Is it possible to use trained models without the entire MFA toolkit?

rbracco commented 1 year ago

Is your feature request related to a problem? Please describe.

I would like to try using a trained model to generate alignments on the fly on a server without adding the complications of Conda to my deployment workflow. Is there any way to export a g2p or alignment model to be called from python without all the dependencies? If there a simpler way to setup MFA without conda?

Related issues: #40 #186 #530

mmcauliffe commented 1 year ago

The issue is that MFA is basically a wrapper around Kaldi/OpenFST, so those dependencies would have to get installed somehow (see https://montreal-forced-aligner.readthedocs.io/en/latest/installation.html#installing-from-source). I am working on side project to get proper python bindings for Kaldi so that MFA doesn't have to rely on temporary files and calling Kaldi binaries, but rather just using python calls. With that said, I think conda is pretty necessary for handling all of the non-python dependencies that MFA has.

rbracco commented 1 year ago

Thank you for the clarification, this is exactly what I needed to know. Is there any way to stay current on the progress of the python bindings project?

rbracco commented 1 year ago

I have a few related followup questions (and then plan to the close the issue). I was wondering...

is there a way to load the model in a python process so that it can be used to align new audios on the fly (as they are recorded) instead of having to repeat the entire process from scratch (model loading...etc) by calling it from the command line?
Is this what you're working on with the python bindings or is this functionality already available?
Finally, is your python bindings project available anywhere so we can see progress? If it's private, is there a way to be alerted when it becomes publicly available?

Thank you.

mmcauliffe commented 1 year ago

Yeah, that would be functionality as part of the bindings, at the moment in MFA, all acoustic models are loaded by various Kaldi binaries, and it's only G2P models that are loaded in Python.

The bindings that I've been working on are here: https://github.com/mmcauliffe/kalpy, definitely not fully featured yet, but I have low-level bindings for most of the Kaldi codebase working, and I'm working on getting more pythonic interface code set up. Currently I just have code for generating MFCCs (https://github.com/mmcauliffe/kalpy/blob/main/tests/test_mfcc.py) and compiling utterance graphs (see https://github.com/mmcauliffe/kalpy/blob/main/tests/test_decoder.py).
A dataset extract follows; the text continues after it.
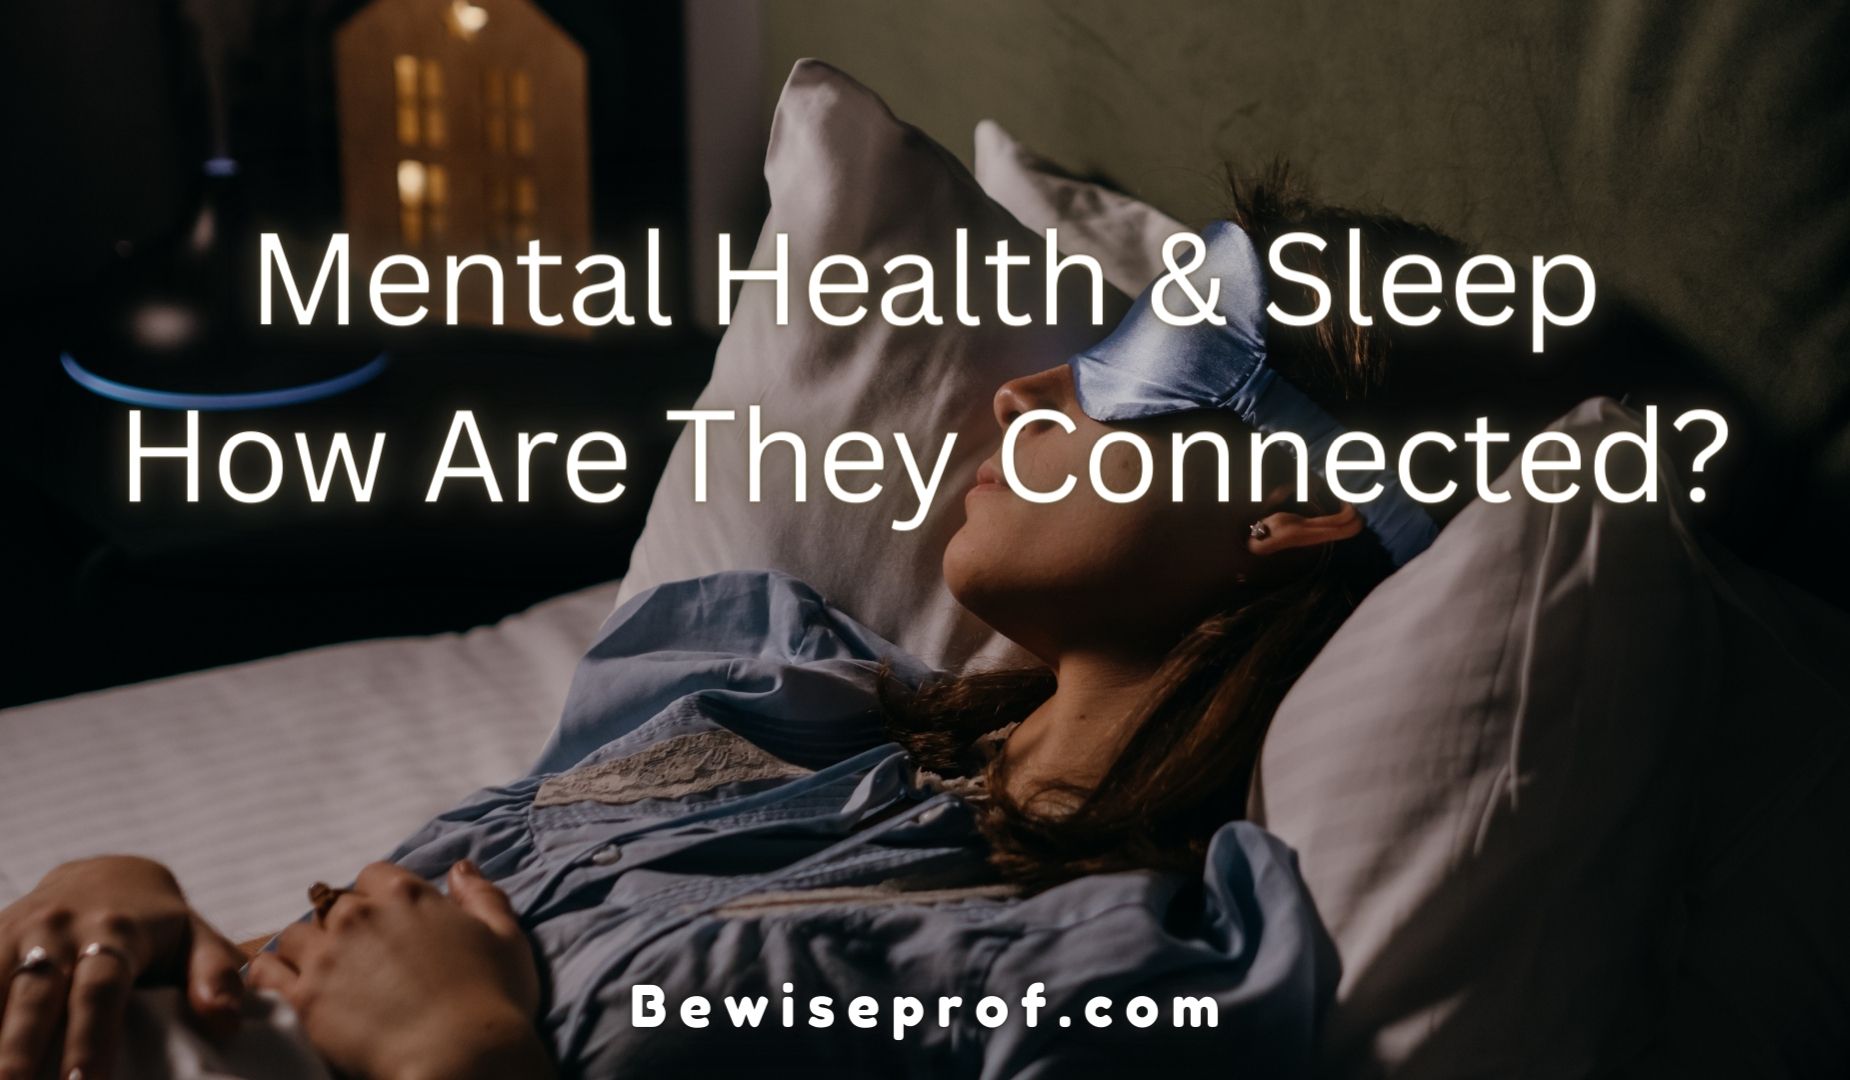 Mental Health And Sleep: How Are They Connected?
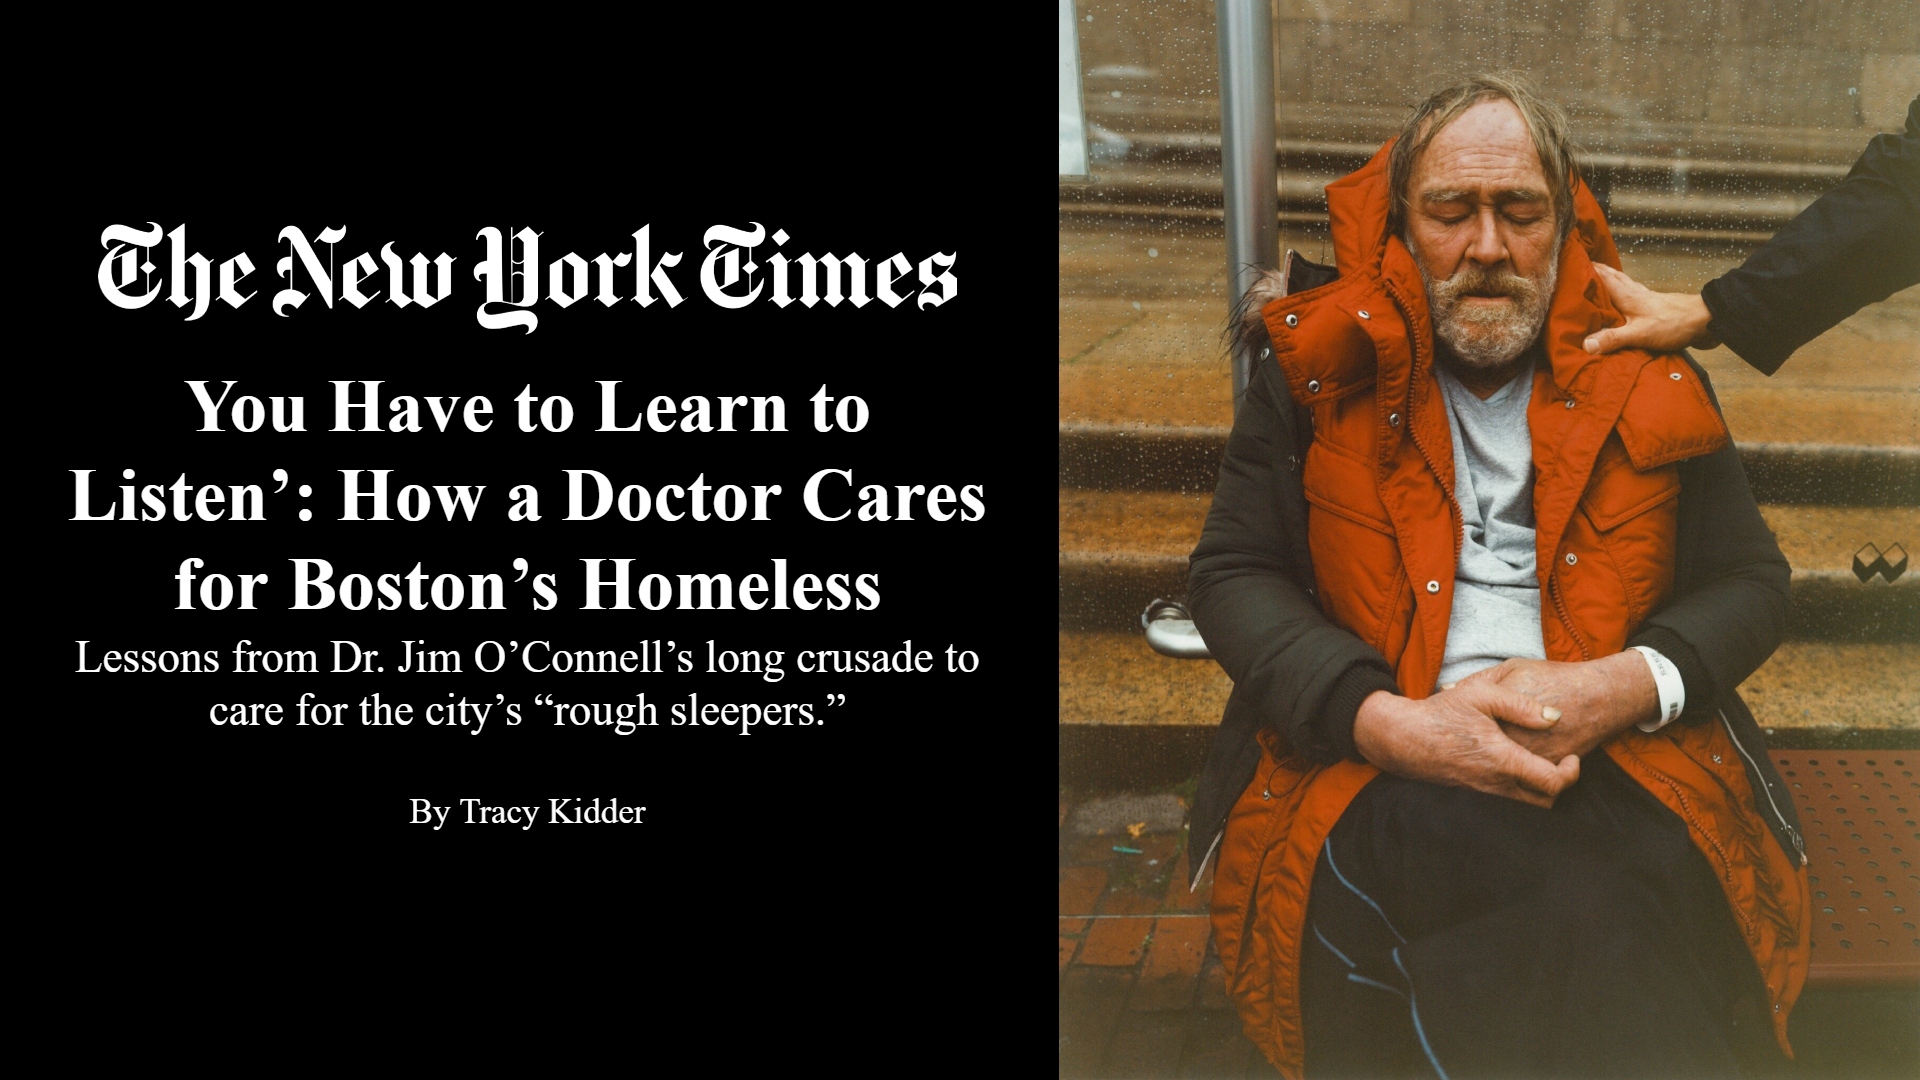 New York Times Magazine cover story by Tracy Kidder

I'm not sure exactly when I'll have it stable enough to release to pip/conda forge, but I think once I finish up the last of the low level bindings and do some performance benchmarking of the MFCC and training graph compilation to make sure I'm not doing anything horrendously wrong for memory or speed, then I'll feel comfortable getting a release out.

rbracco commented 1 year ago

Thank you for taking the time to respond, that is very helpful. Starred and following kalpy!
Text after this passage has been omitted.